We see this resilience as a bottoming opportunity for the USD bullish positions that we have consistently been recommending.
We would not be surprised to see the RBA announcing lower interest rates today (yesterday we made our bearish AUD case, and talked about how profitable a long USD/AUD play could be), and we wouldn’t be surprised either to see API’s crude oil inventories surprising markets to the downside.
As much as the oil market may seem to be rebalancing (due to temporary constraints originating in Canada and Nigeria), we just don’t see how the current staggering amount of oil in tankers throughout the oceans of the world won’t send oil down to the $30s again. We also suspect that Iran and Saudi Arabia will keep on fighting until these $30s, as well.

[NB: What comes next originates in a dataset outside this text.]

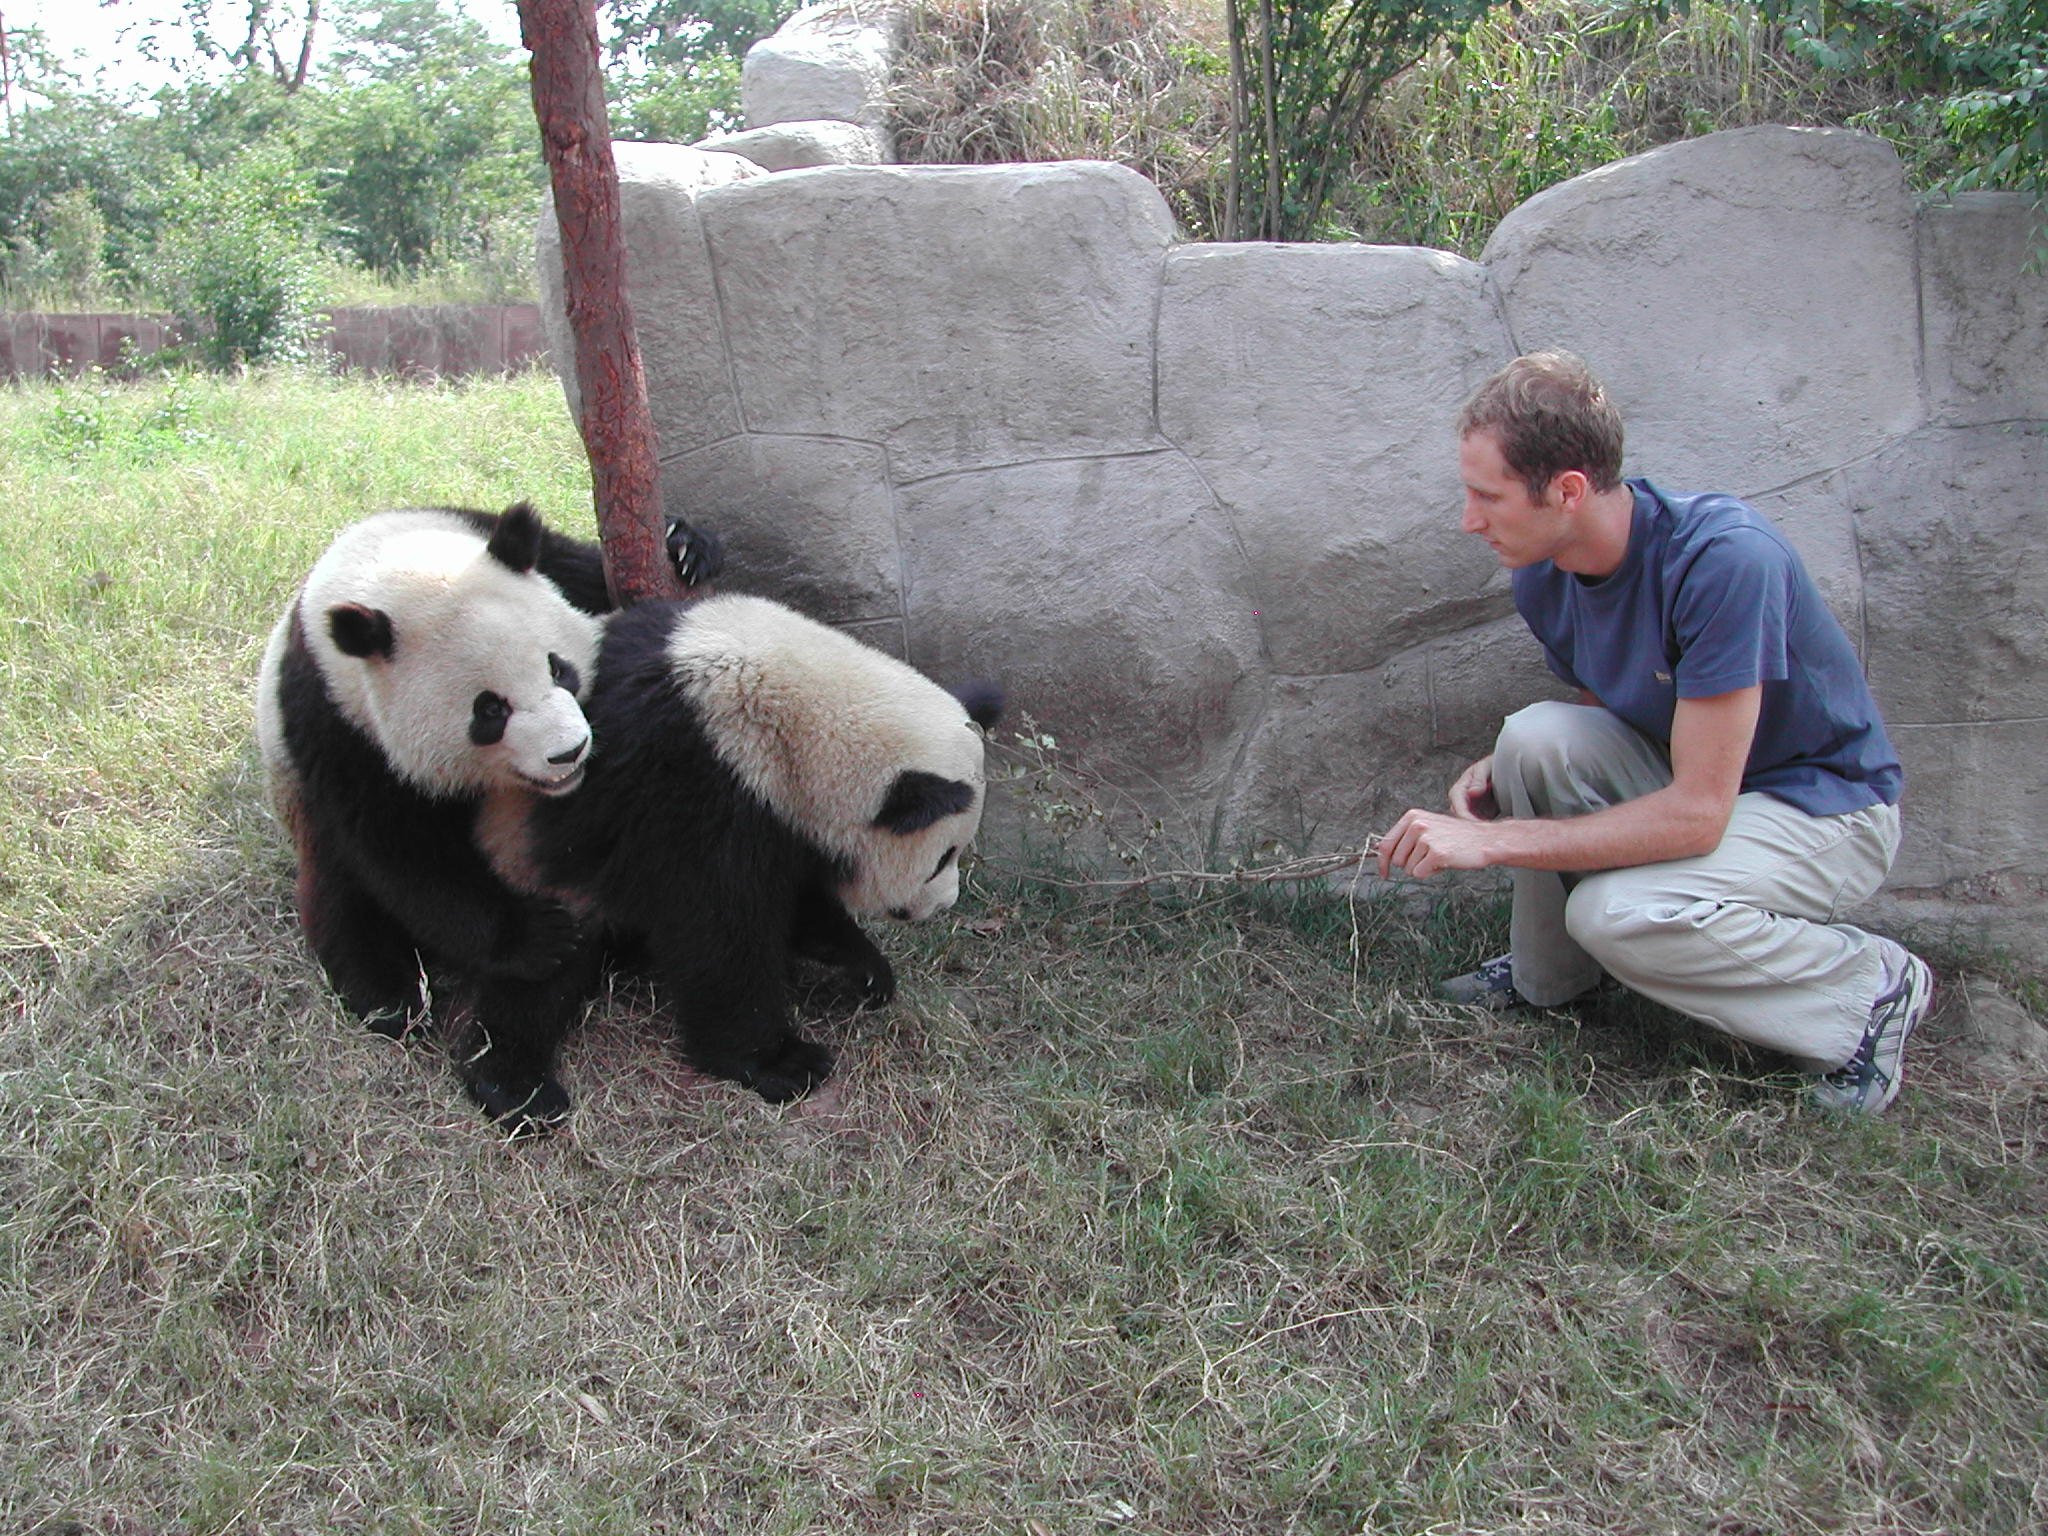 Photo inside the panda reserve in Chendgu, China where David leaped in over a concrete ravine to say hello.  The story unfolds in minute 103:41 of the  interview.

This makes us restate our past long USD/MXN, USD/NOK and USD/CAD recommendations for traders, because we don’t see any upside to those currencies, based on an expectable oil correction, while we don’t see any significant downside to the USD, which has already suffered most of the Fed-confusing-statement-induced dovish shocks.
At the end of the day, investors should look for greater profits to be made in currencies and assets that offer less resistance, which is the case of the USD, and should bet against currencies and assets that are still dancing filled with enthusiasm – even when the music is coming to an end.